Entries taken from a collection:

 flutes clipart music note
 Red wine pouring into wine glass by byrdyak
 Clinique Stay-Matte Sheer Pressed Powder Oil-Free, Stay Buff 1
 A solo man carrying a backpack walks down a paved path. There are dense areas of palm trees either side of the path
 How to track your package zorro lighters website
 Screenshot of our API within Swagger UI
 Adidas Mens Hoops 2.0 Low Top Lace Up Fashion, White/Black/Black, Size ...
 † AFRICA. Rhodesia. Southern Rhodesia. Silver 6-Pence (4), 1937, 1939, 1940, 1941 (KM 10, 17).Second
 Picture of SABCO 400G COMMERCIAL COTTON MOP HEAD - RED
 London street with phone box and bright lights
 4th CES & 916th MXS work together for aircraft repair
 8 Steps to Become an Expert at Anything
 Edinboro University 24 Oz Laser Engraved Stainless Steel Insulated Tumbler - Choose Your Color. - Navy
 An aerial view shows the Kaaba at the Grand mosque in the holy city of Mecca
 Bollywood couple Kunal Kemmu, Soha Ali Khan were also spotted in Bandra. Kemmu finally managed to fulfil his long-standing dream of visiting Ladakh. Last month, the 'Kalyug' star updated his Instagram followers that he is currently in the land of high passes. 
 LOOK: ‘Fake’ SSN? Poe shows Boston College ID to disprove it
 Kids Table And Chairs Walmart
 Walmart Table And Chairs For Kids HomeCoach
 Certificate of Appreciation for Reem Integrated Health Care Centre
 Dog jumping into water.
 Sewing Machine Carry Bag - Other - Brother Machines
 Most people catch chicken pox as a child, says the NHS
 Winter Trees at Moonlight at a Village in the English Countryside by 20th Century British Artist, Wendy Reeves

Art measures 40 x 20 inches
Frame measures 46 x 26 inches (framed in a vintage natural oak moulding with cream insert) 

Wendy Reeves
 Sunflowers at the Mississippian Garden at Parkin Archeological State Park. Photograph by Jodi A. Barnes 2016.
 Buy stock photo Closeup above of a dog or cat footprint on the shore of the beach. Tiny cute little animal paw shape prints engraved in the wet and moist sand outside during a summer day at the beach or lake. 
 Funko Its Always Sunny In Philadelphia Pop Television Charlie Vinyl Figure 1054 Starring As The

> _WORK REQUEST_: However many lines the data holds, return each one exactly.

> _TASK RESPONSE_:
 flutes clipart music note
 Red wine pouring into wine glass by byrdyak
 Clinique Stay-Matte Sheer Pressed Powder Oil-Free, Stay Buff 1
 A solo man carrying a backpack walks down a paved path. There are dense areas of palm trees either side of the path
 How to track your package zorro lighters website
 Screenshot of our API within Swagger UI
 Adidas Mens Hoops 2.0 Low Top Lace Up Fashion, White/Black/Black, Size ...
 † AFRICA. Rhodesia. Southern Rhodesia. Silver 6-Pence (4), 1937, 1939, 1940, 1941 (KM 10, 17).Second
 Picture of SABCO 400G COMMERCIAL COTTON MOP HEAD - RED
 London street with phone box and bright lights
 4th CES & 916th MXS work together for aircraft repair
 8 Steps to Become an Expert at Anything
 Edinboro University 24 Oz Laser Engraved Stainless Steel Insulated Tumbler - Choose Your Color. - Navy
 An aerial view shows the Kaaba at the Grand mosque in the holy city of Mecca
 Bollywood couple Kunal Kemmu, Soha Ali Khan were also spotted in Bandra. Kemmu finally managed to fulfil his long-standing dream of visiting Ladakh. Last month, the 'Kalyug' star updated his Instagram followers that he is currently in the land of high passes. 
 LOOK: ‘Fake’ SSN? Poe shows Boston College ID to disprove it
 Kids Table And Chairs Walmart
 Walmart Table And Chairs For Kids HomeCoach
 Certificate of Appreciation for Reem Integrated Health Care Centre
 Dog jumping into water.
 Sewing Machine Carry Bag - Other - Brother Machines
 Most people catch chicken pox as a child, says the NHS
 Winter Trees at Moonlight at a Village in the English Countryside by 20th Century British Artist, Wendy Reeves

Art measures 40 x 20 inches
Frame measures 46 x 26 inches (framed in a vintage natural oak moulding with cream insert) 

Wendy Reeves
 Sunflowers at the Mississippian Garden at Parkin Archeological State Park. Photograph by Jodi A. Barnes 2016.
 Buy stock photo Closeup above of a dog or cat footprint on the shore of the beach. Tiny cute little animal paw shape prints engraved in the wet and moist sand outside during a summer day at the beach or lake. 
 Funko Its Always Sunny In Philadelphia Pop Television Charlie Vinyl Figure 1054 Starring As The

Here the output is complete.